Pero nada impide pensar que también existía el «santo deseo» de ir a ver la «señal» que el Ángel le había revelado: «Y he aquí que Isabel, tu pariente, en su vejez también ha concebido un hijo, y éste es el sexto mes para ella, que se decía que era estéril: nada es imposible para Dios» (Lc 1,36-37). Al fin y al cabo, también los pastores fueron deprisa a ver la “señal» que los ángeles les anunciaron en la noche de Navidad: «Esta es la señal para vosotros: encontraréis un niño envuelto en pañales, acostado en un pesebre» (Lc 2,12). Esto confirma que María no subestima los «signos» que Dios le ofrece.

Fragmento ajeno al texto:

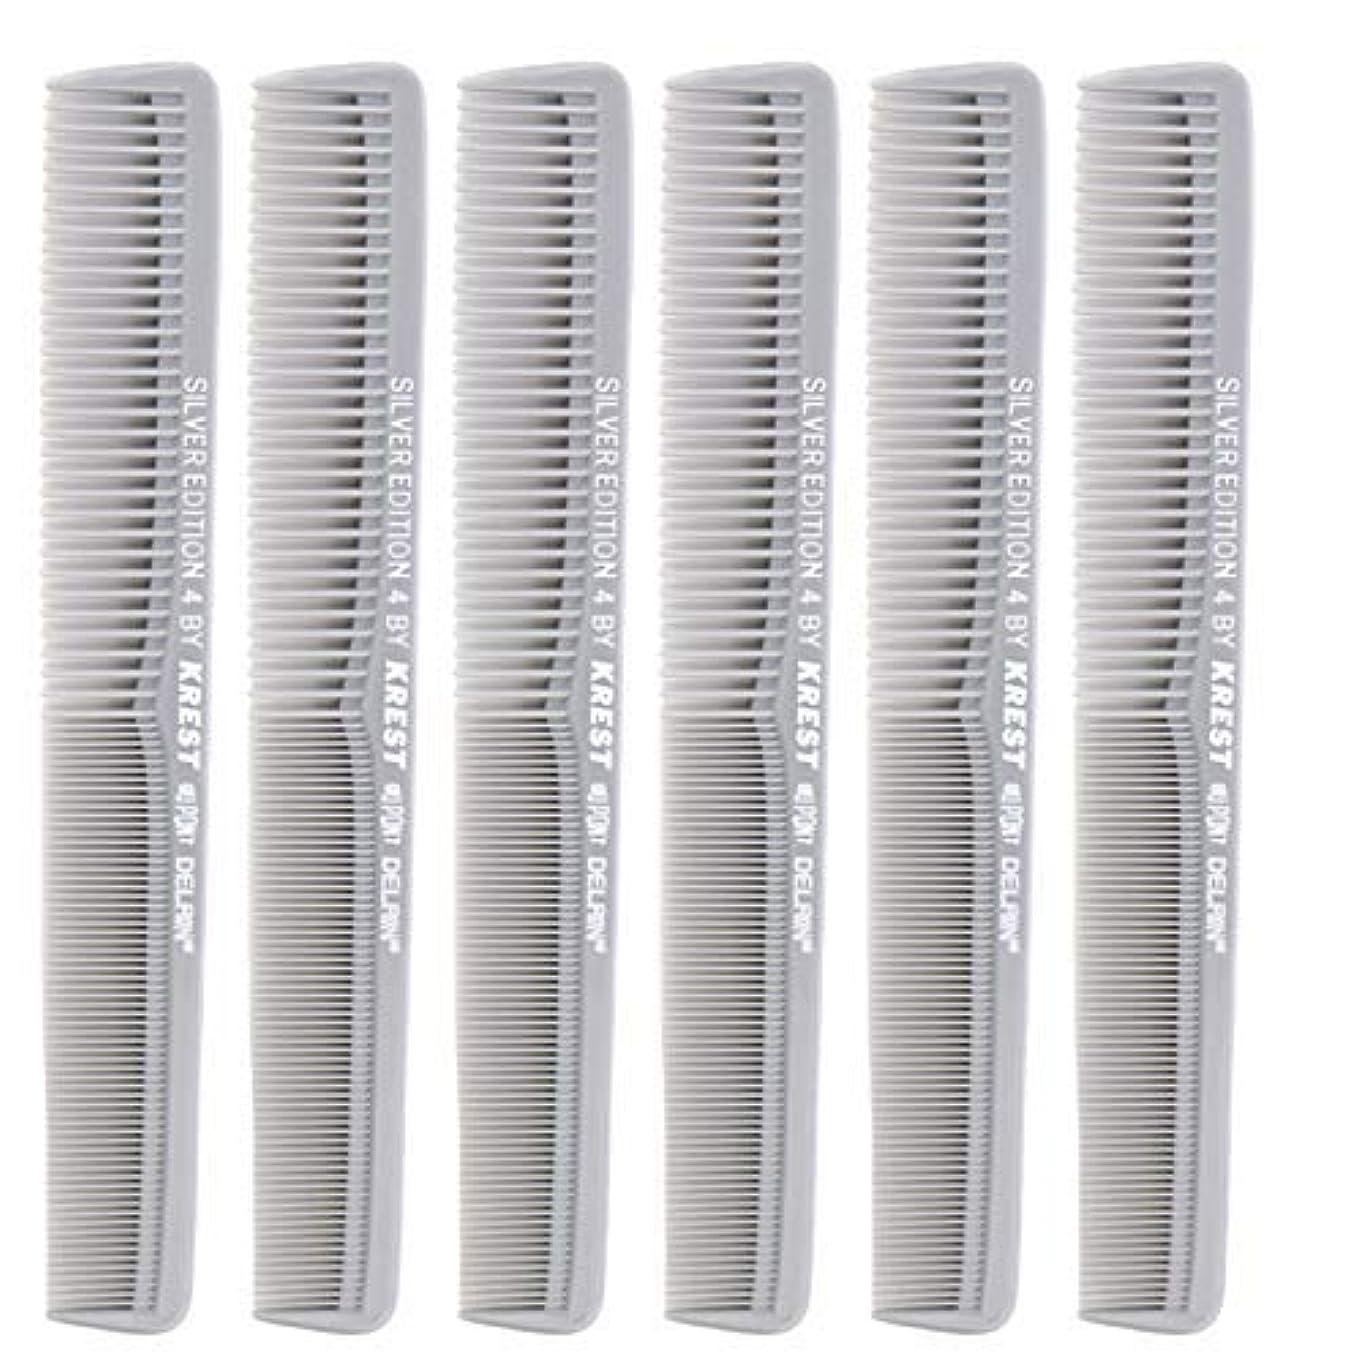 球状形容詞解釈7 In. Silver Edition Heat Resistant All Purpose Hair Comb Model #4 Krest Comb, [並行輸入品]

El encuentro entre dos madres
La escena del Evangelio une las dos «anunciaciones», a Isabel y a María: dos mujeres y dos promesas. Y en cuanto escucha el saludo de María, el bebé en el vientre de Isabel comienza a «saltar de alegría». El Mesías, Jesús, aún no nacido, pero está presente en el vientre de su madre María, y se encuentra con Juan, el precursor, un profeta también presente en el vientre de su madre Isabel; el reconocimiento provoca alegría, exultación y danza, como David ante el arca de la Alianza (cfr. 2 Sam 6,12-15).
De la alabanza al servicio
El Magnificat, el canto de alabanza que narra la inversión de la lógica humana -los últimos se convierten en los primeros-, no se queda en letra muerta, sino que se convierte en vida en el servicio.
Oración
María, madre solícita en la Visitación
enséñanos a escuchar la Palabra,
una escucha que nos hace estremecer y, a toda prisa,
hace que nos dirijamos hacia todas las situaciones de pobreza
donde se necesita la presencia de tu Hijo.
Enséñanos a llevar a Jesús
en silencio y con humildad, como tú lo hiciste.
Que nuestras fraternidades (familias) se hagan presentes
entre los que no lo conocen
para difundir su Evangelio,
dando testimonio de él, no con palabras, sino con la vida;
no anunciándolo, sino viviéndolo.
Enséñanos a viajar con sencillez
como tú hiciste,
con la mirada puesta siempre en Jesús
presente en tu vientre:
contemplándolo, adorándolo e imitándolo.
María, mujer del Magnificat
enséñanos a ser fieles a nuestra misión:
llevar a Jesús a la gente.
Oh amada Madre, esta es tu propia misión,
la primera que Jesús te confió,
y que te has dignado a compartir con nosotros.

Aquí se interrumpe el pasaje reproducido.